We observed notable differences between the two years of our study, with more species of early bees and fewer late bees in 2019 compared with 2018. In 2019, early spring was warmer than 2018 and we delayed our sampling time due to logistical constraints which likely altered the composition of the bee community we sampled. We attribute the higher richness of early bees in 2019 to a better match between our sampling time and flight period of most early bees (Kammerer 2021). The differences in the summer collections was likely also due to weather conditions in the previous year, as the summer of 2018 was extremely rainy, with near-record high precipitation (DiLiberto 2018), which may have reduced foraging opportunities and negatively affected bee populations (Tuell and Isaacs 2010; Vitale et al. 2020). Evaluating the effect of weather conditions on bee communities requires multiple years of sampling, and thus we did not formally include these variables in this study, but such analyses have been conducted in other studies (Kammerer 2021; Filazzola et al. 2021).

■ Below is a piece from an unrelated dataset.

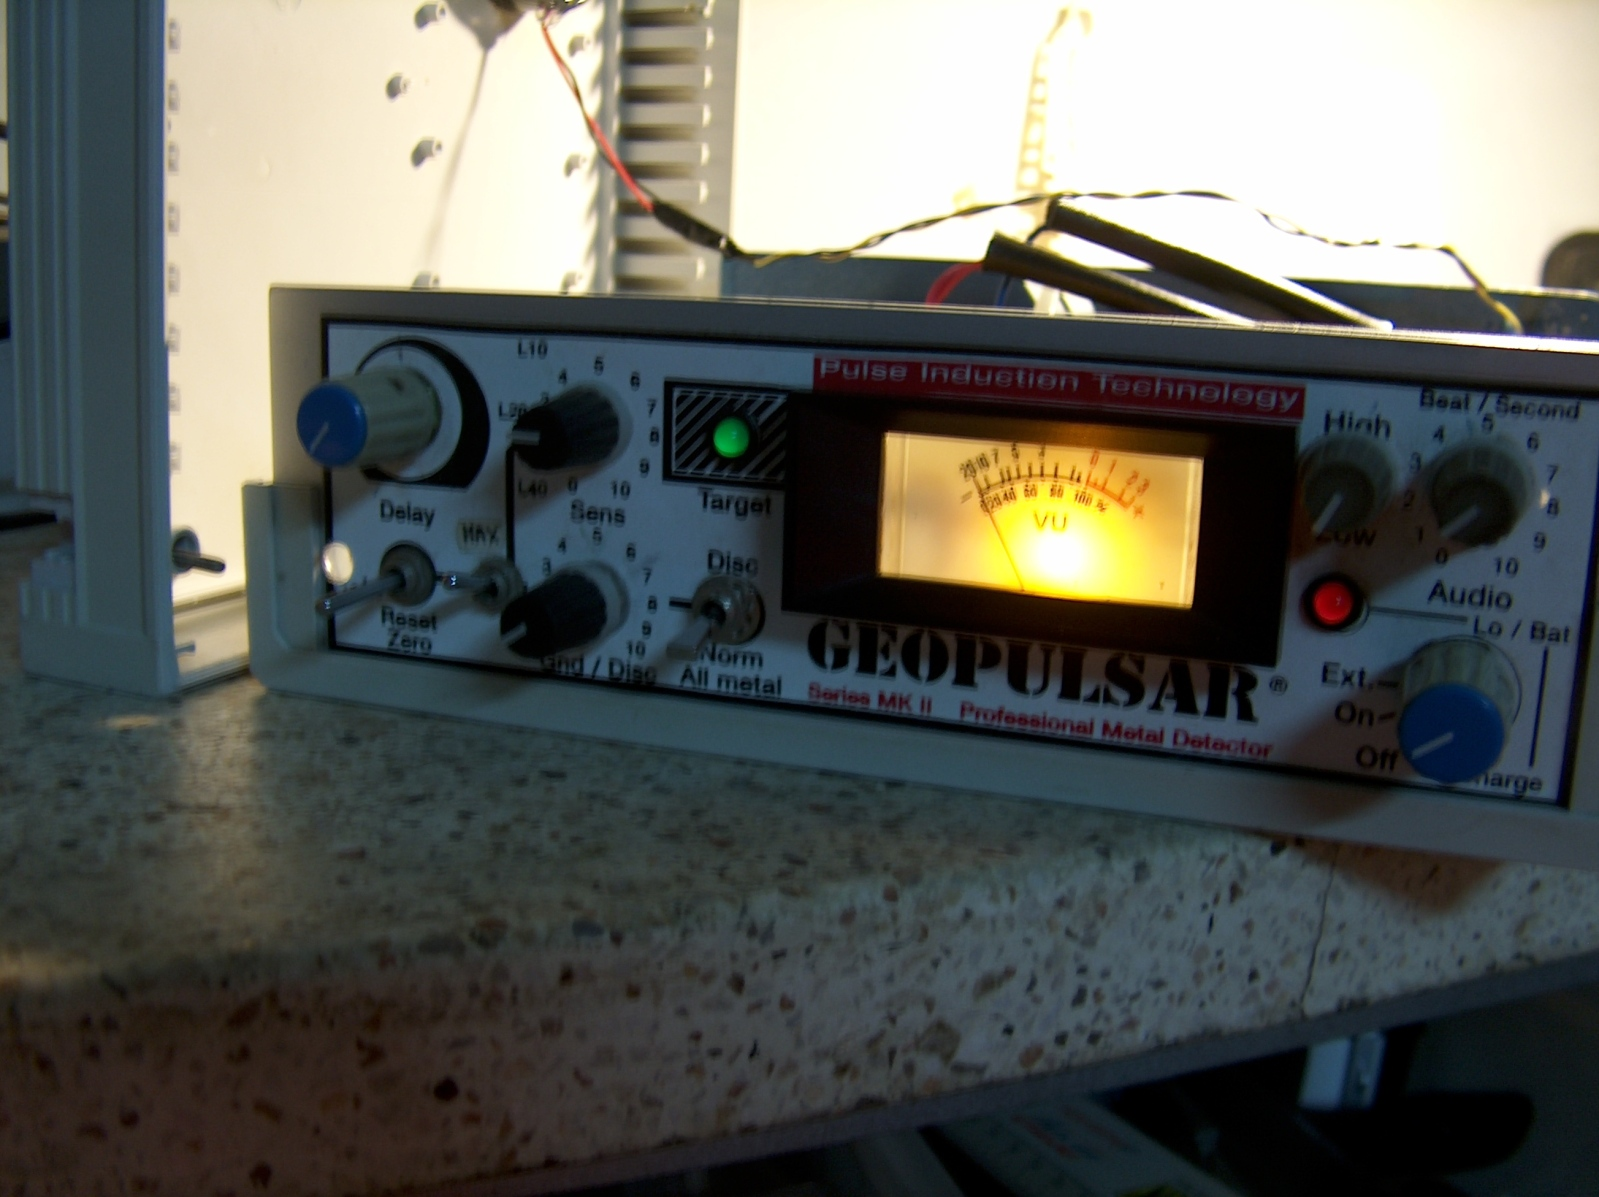 """Ayuda con este detector """" GEOPULSAR """" Series MK II 2eed27r"""

Though we were able to provide important insights about how local and landscape variables influence bee communities, our study has several limitations. First, we sampled wild bees using pan traps, which perform poorly in areas with abundant floral resources and have some taxonomic biases, including under-sampling large bodied bees (Roulston et al. 2007; Baum and Wallen 2011). By using pan traps, we were not able to determine if the bees we sampled were nesting or foraging within our study site, or en route to a different patch. We minimized, but could not completely exclude, the latter outcome by not using extremely attractive blue vane traps (Gibbs et al. 2017). Second, our estimates of local and landscape floral area assumed flower production is solely a function of the composition of plant communities of a given locale. In quantifying landscape floral area, we assumed plant communities of the same habitat type had equal numbers of flowers. In reality, the number, size, and quality of floral resources is influenced by many factors, including temperature, moisture availability, and soil fertility (Cardoza et al. 2012; Mu et al. 2015). Third, by choosing to analyze our data with random forest models, we could not assess interactions between local and landscape quality. Local and landscape quality metrics were only weakly correlated across scales (minimum, mean, and maximum Pearson’s r = -0.6, 0.01, and 0.56, respectively, Figure S10), potentially suggesting independent effects of local and landscape quality, but we could not examine these questions. Finally, while assessing conservation plantings for pollinators, it has been a persistent challenge to assess whether adding flowers for bees increases wild-bee populations, or just concentrates individuals in high-quality patches. Our analyses cannot definitively show that high-quality sites improved bee fitness, compared with drawing in more individuals that were already present in the landscape.

Conclusion

In this study, we identified key components of local and landscape quality for wild bees, generating essential targets for bee conservation programs. Building on previous research showing that bees respond to both local and landscape resources, we found that the most relevant spatial scale varies by season and can differ when considering bee abundance or richness. Early bees took advantage of resources – like spring flowering trees – that are present in surrounding landscapes, while late bees utilized floral resources provided at the local scale in the habitats we surveyed. Adding spring blooming trees to habitat management and restoration schemes could thus improve outcomes for spring bee communities. Additionally, targeted additions or restorations of wetlands and surface-water features provides conservation benefits to spring bees as well as other plant and animal taxa. While late season bees increase in abundance in areas with more summer-flowering plants, in highly agricultural landscapes, improving local quality for late bees will likely primarily benefit disturbance-tolerant, generalist species (Harrison et al. 2019). By considering spatial and temporal variation in resources, we developed context and season-specific recommendations to improve habitat quality for wild bees, a critical component of conservation efforts to offset the manifold stressors threatening these taxa.